Regression Toward the Mean
The phenomenon of regression toward the mean was first noted by Sir Francis Galton in
the nineteenth century. He observed that in any series of random events clustering around
an average, an extraordinary event is, by mere chance, most likely to be followed by an
ordinary event. Thus, very tall fathers are likely to have slightly shorter sons and very
short fathers, somewhat taller sons. Regression toward the mean helps explain why great
movies are often followed by poor sequels, why poor presidents often have better
successors, and why extremely intelligent women tend to have slightly duller husbands.
Paul Schaffner provides an excellent example of regression toward the mean that you can
present in class. Participants in his study assumed the role of a teacher attempting to
encourage a hypothetical student to arrive promptly for an 8:30 A.M. class. The student’s
arrival time, which varied from 8:20 to 8:40 for 15 consecutive days, was recorded on a
computer.

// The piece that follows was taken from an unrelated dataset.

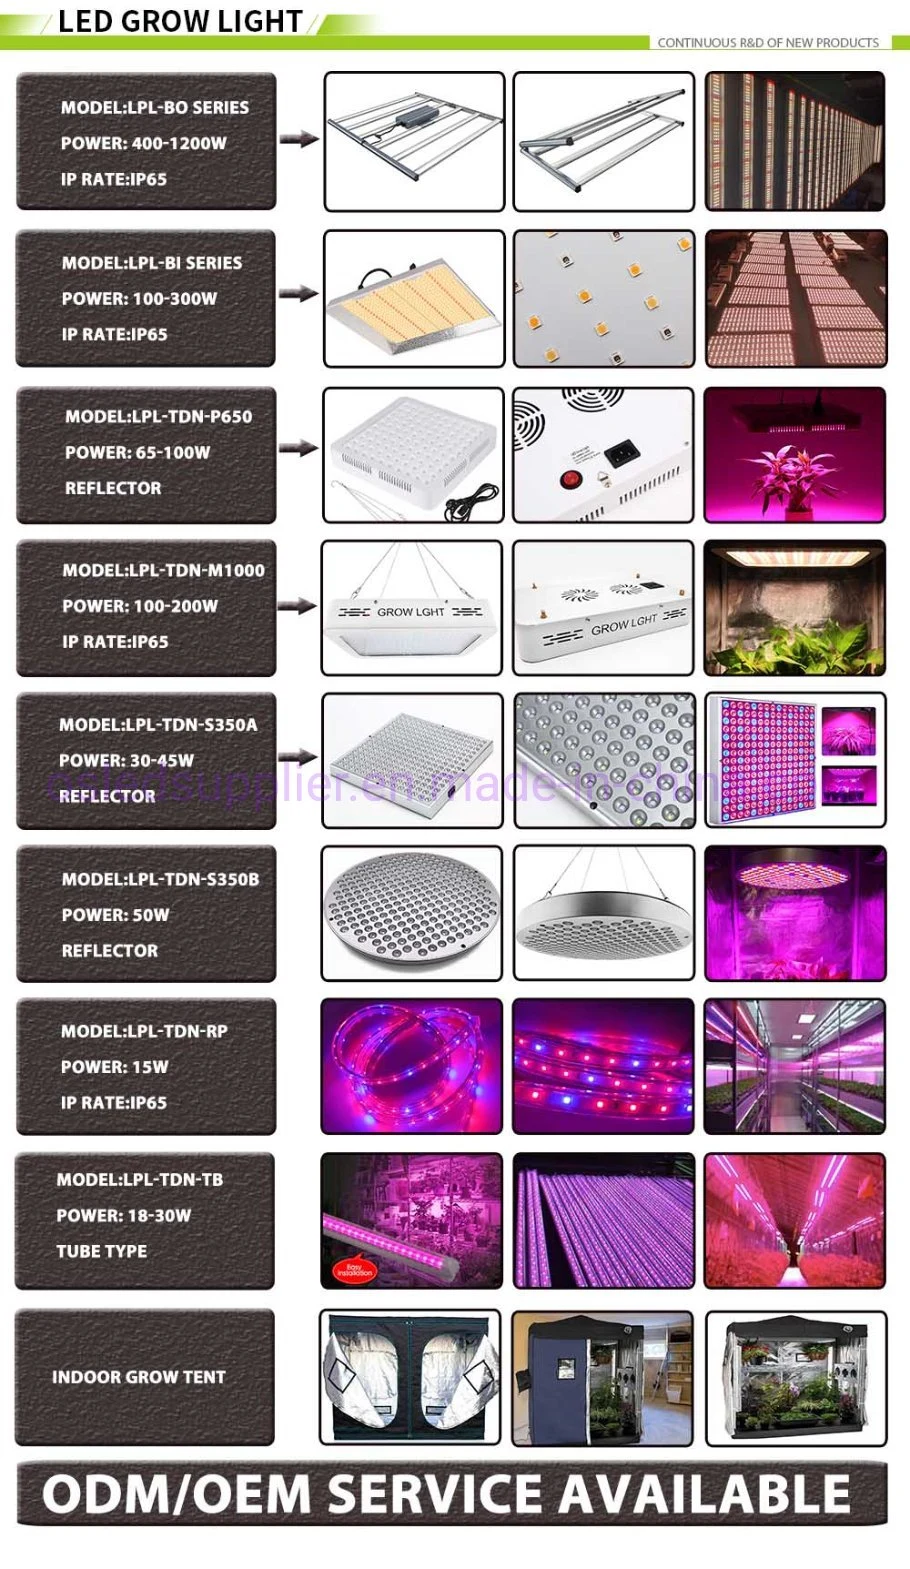 P600 Series Foldable & Dimmable 600W Grow Light Lm301b White Red Full Spectrum LED Grow Light

Each day the teachers could choose to praise, reprimand, or say nothing to the
student. As expected, they praised him when he was early and reprimanded him when he
was late. Unknown to the teachers, the student’s arrival time was pre-programmed and
thus unrelated to the teacher’s response of the previous day. Due to regression alone, the
student’s arrival time tended to improve, that is, regress to 8:30, after being punished for
being late and to deteriorate (again by regressing to 8:30) after being praised for arriving
early. Schaffner found that 70 percent of his teachers concluded that reprimand was more
effective than praise in producing prompt attendance by the student.
Regression toward the mean operates with regularity in sports, particularly when luck is
mixed with skill. While sports commentators recognize its effect, they often offer
different explanations. Amos Tversky notes, “Listen to the commentators at the Winter
Olympics. If a ski jumper has done well on his last jump, they say, ‘He’s under immense
pressure, so he’s unlikely to do as well this time.’ If he did poorly, they say, ‘He’s very
loose and can only improve.’”
Perhaps the so-called “Sports Illustrated Jinx” can also be understood in terms of
regression toward the mean. According to sports folklore, the “Sports Illustrated Jinx”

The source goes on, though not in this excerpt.